* _The task_
Copy the final lines exactly, starting at the one that contains "Rolex Men's Two" and ending with the last line of the listing below. Pictures are not part of the copy.

* _Dataset content_
-*-

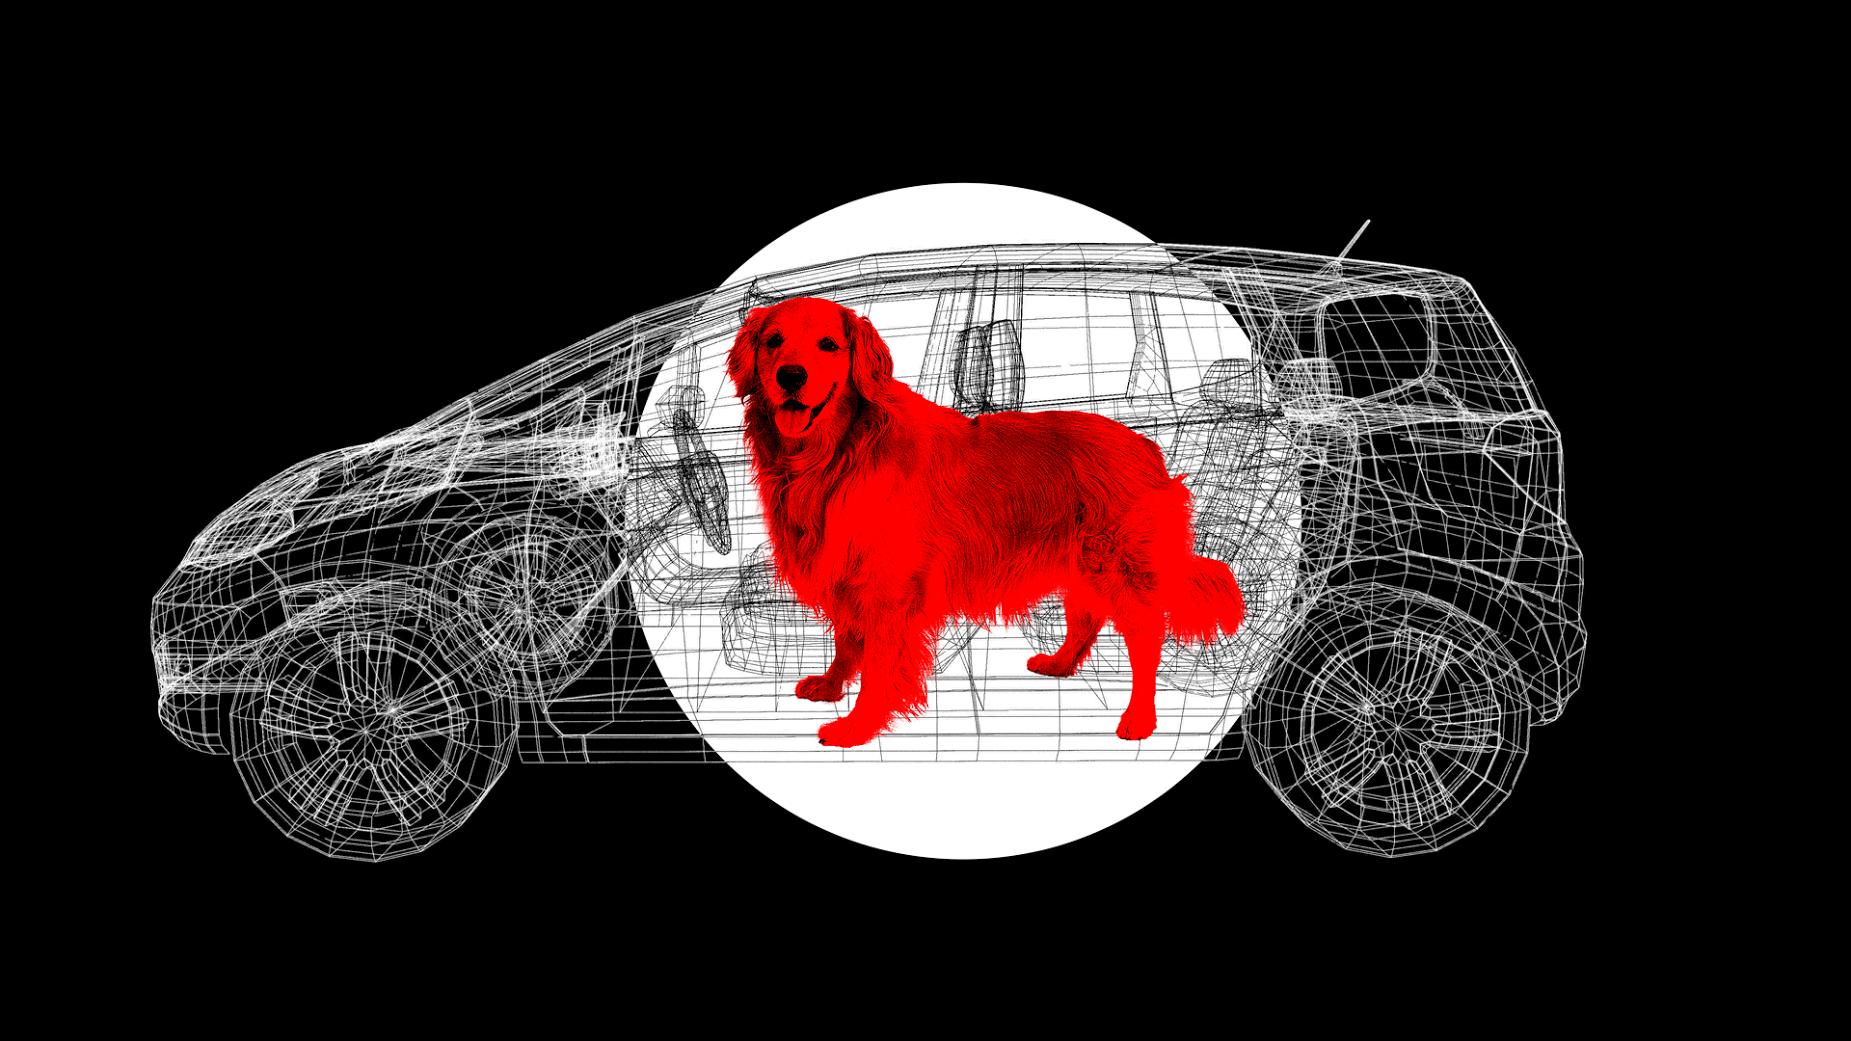 mimze9jkogqdu28h15kl you aren't doing enough to keep your pet safe in the car
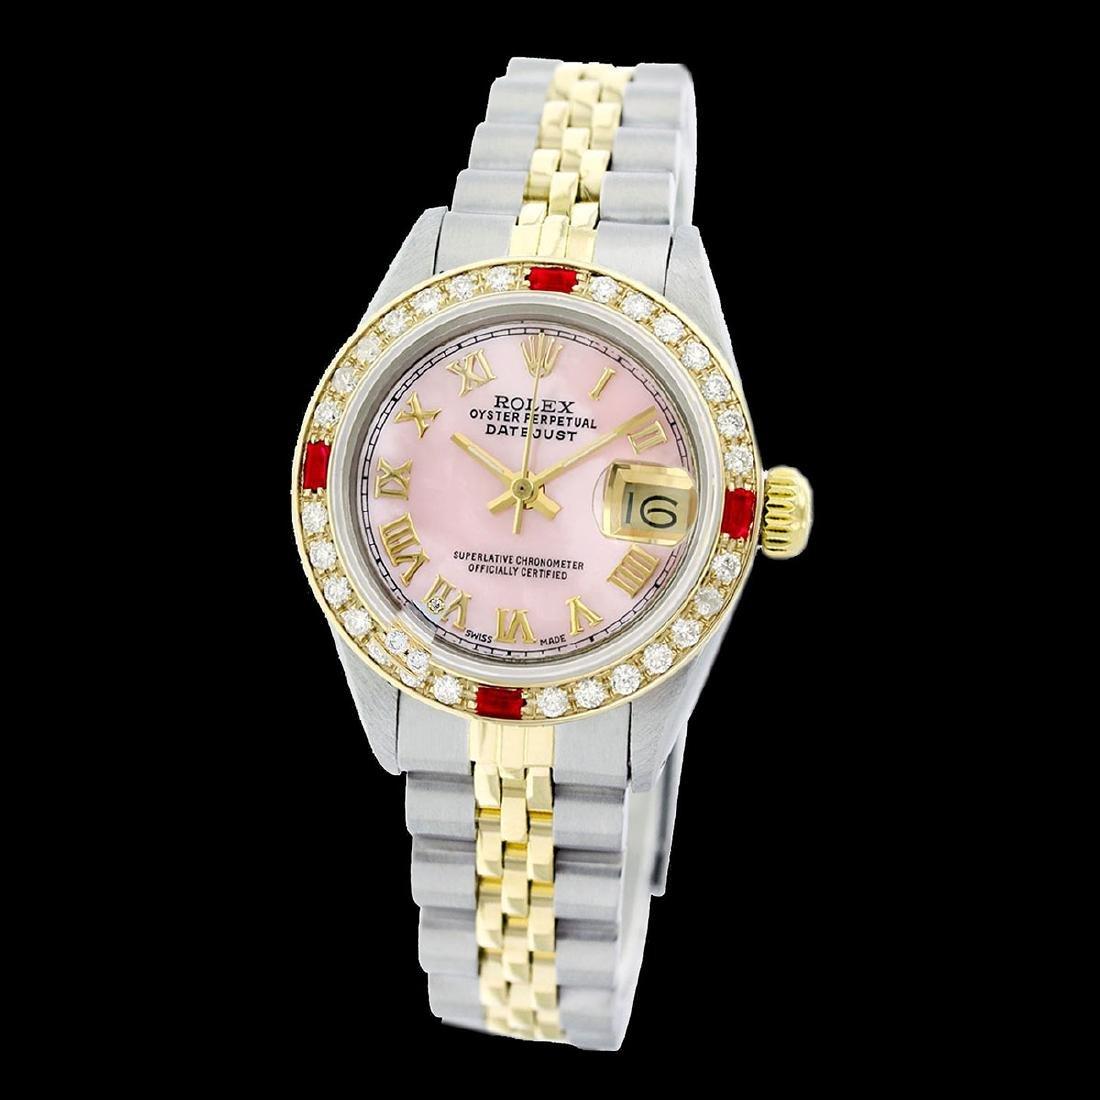 Rolex Men's Two Tone 14K Gold/SS, QuickSet, Roman Dial - 2
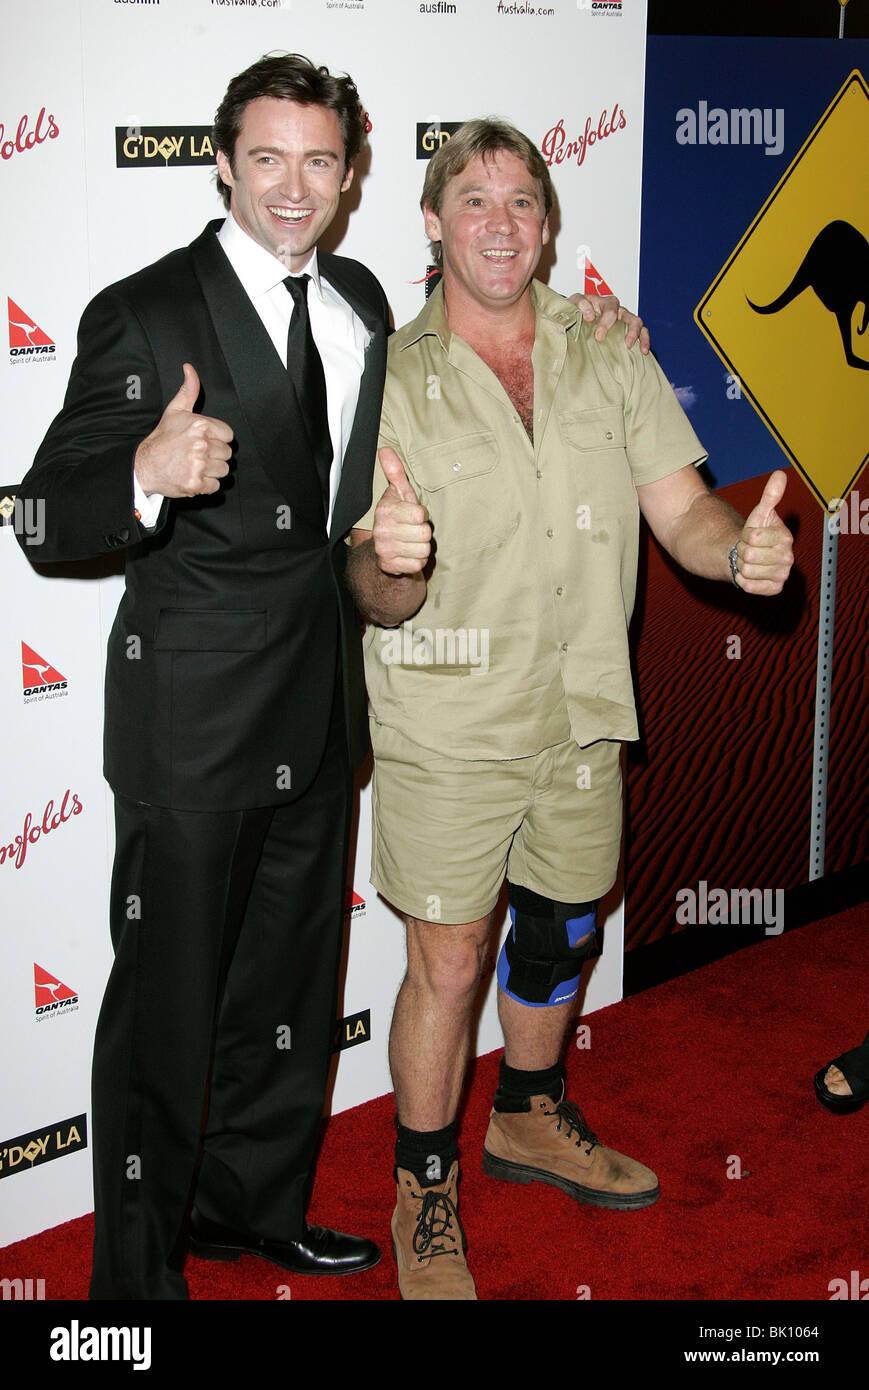 HUGH JACKMAN & STEVE IRWIN G'DAY LA PENFOLDS ICON GALA HOLLYWOOD PALADIUM LOS ANGELES USA 14 January 2006 - Stock Image
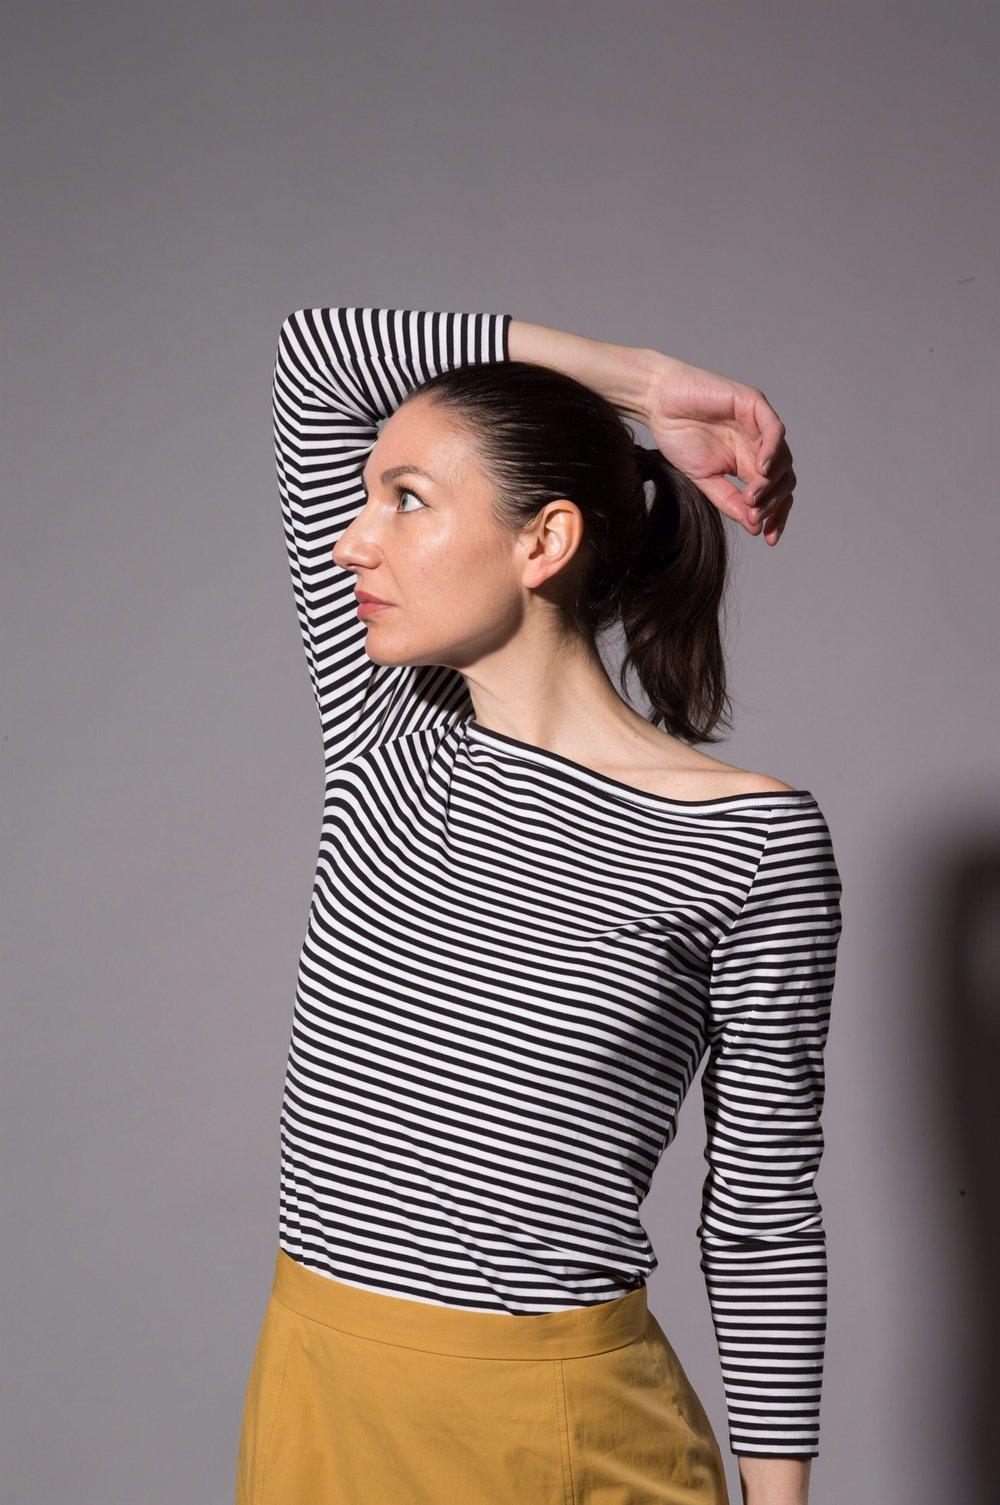 Audrey-Hepburn-style-profile.jpg

-*-

* _Exercise output_
 Rolex Men's Two Tone 14K Gold/SS, QuickSet, Roman Dial - 2
 HUGH JACKMAN & STEVE IRWIN G'DAY LA PENFOLDS ICON GALA HOLLYWOOD PALADIUM LOS ANGELES USA 14 January 2006 - Stock Image
 Audrey-Hepburn-style-profile.jpg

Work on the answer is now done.